I was under the impression that including

[pex-cli]
version = "v2.1.159"
known_versions =[
    'v2.1.159|macos_arm64|83c3090938b4d276703864c34ba50bcb3616db0663c54b56dd0521a668d9555f|3671772',
    'v2.1.159|macos_x86_64|83c3090938b4d276703864c34ba50bcb3616db0663c54b56dd0521a668d9555f|3671772',
    'v2.1.159|linux_x86_64|83c3090938b4d276703864c34ba50bcb3616db0663c54b56dd0521a668d9555f|3671772',
    'v2.1.159|linux_arm64|83c3090938b4d276703864c34ba50bcb3616db0663c54b56dd0521a668d9555f|3671772',
]

would somehow include

https://github.com/pantsbuild/pex/pull/2295/files#diff-b1297a55702e854b6233796710a712f1f3fd47905ecc1fabd9f03c63ac980b43R1473-R1487 would resolve this.

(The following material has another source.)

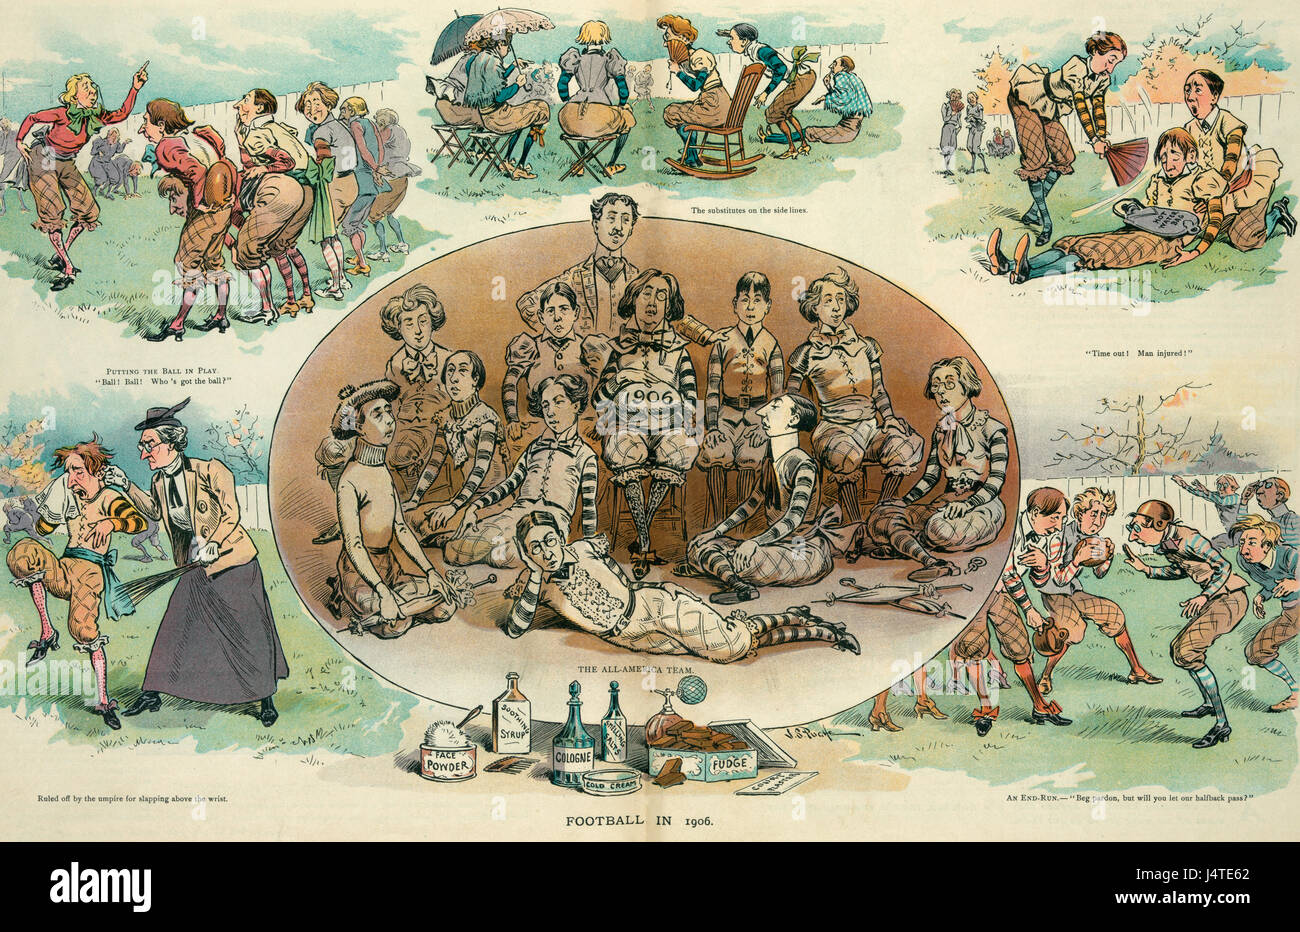 En 1906 Football - L'illustration montre une légère regarder le jeu du football comme s'il était joué par les hommes de natures dainty efféminés. Caricature politique Banque D'Images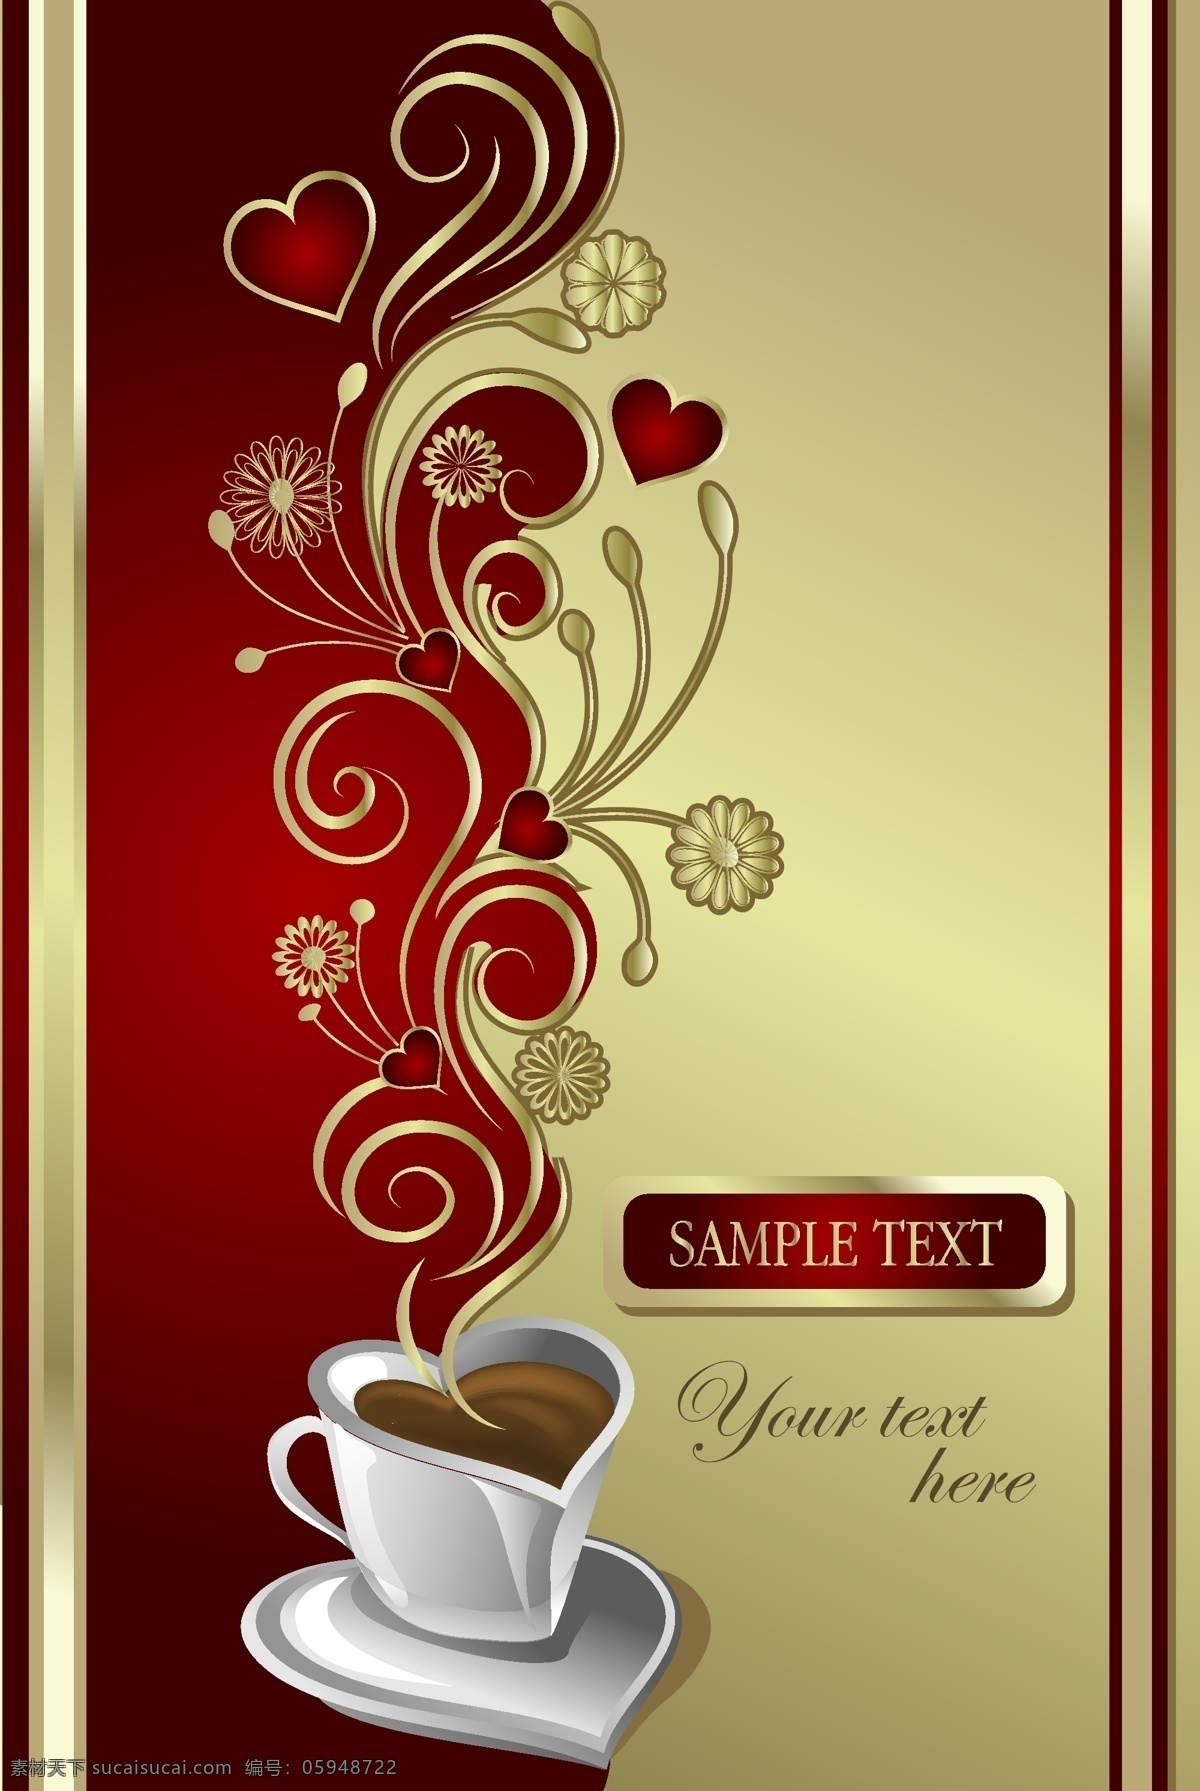 心形 咖啡杯 爱心咖啡屋 咖啡厅 餐 牌 封面设计 矢量封面设计 心形咖啡杯 矢量图 其他矢量图

and that the generated bin/pants would include the shebang limit fix. Unfortunately that hasn't been the case. FWIW if I manually update the file to

#!/bin/sh
# N.B.: This python script executes via a /bin/sh re-exec as a hack to work around a
# potential maximum shebang length of {max_shebang_length} bytes on this system which
# the python interpreter `exec`ed below would violate.
''''exec /home/yjabri/.cache/nce/29319df9a6ca02e838617675b5b8dd7e5b18a393c27e74979823158b85c015d9/bindings/venvs/2.18.1/bin/python3.9 -sE "$0" "$@"
'''
# -*- coding: utf-8 -*-
import re
import sys
print(sys.path)
from pants.bin.pants_loader import main
if __name__ == '__main__':
    sys.argv[0] = re.sub(r'(-script\.pyw|\.exe)?$', '', sys.argv[0])
    sys.exit(main())

it doesn't include the /home/yjabri/dummy/foo path.

yjabri commented 5 months ago

I spent sometime going through the scie-pants repo and familiarizing myself with the pants bootstrap process. This bug has nothing to do with OS, scie-pants, .env files. I was definitely reaching for straws lol.

I believe the root cause is the released Pants Pex that gets bootstrapped is using an older version of Pex. I unzipped the x86 Linux Pex for Pants from https://github.com/pantsbuild/pants/releases/tag/release_2.19.0. The file PEX-INFO contains {"pex_version": "2.1.148"}. (I know the ticket mentions that I'm using 2.18.1 and I referenced 2.19 but I'll happily upgrade)

If it was 2.1.154 or later the above shebang with the ''''exec trick ought to be included.

I'm going to close this issue and ask about why 2.1.148 is being used on the Pants Slack channel.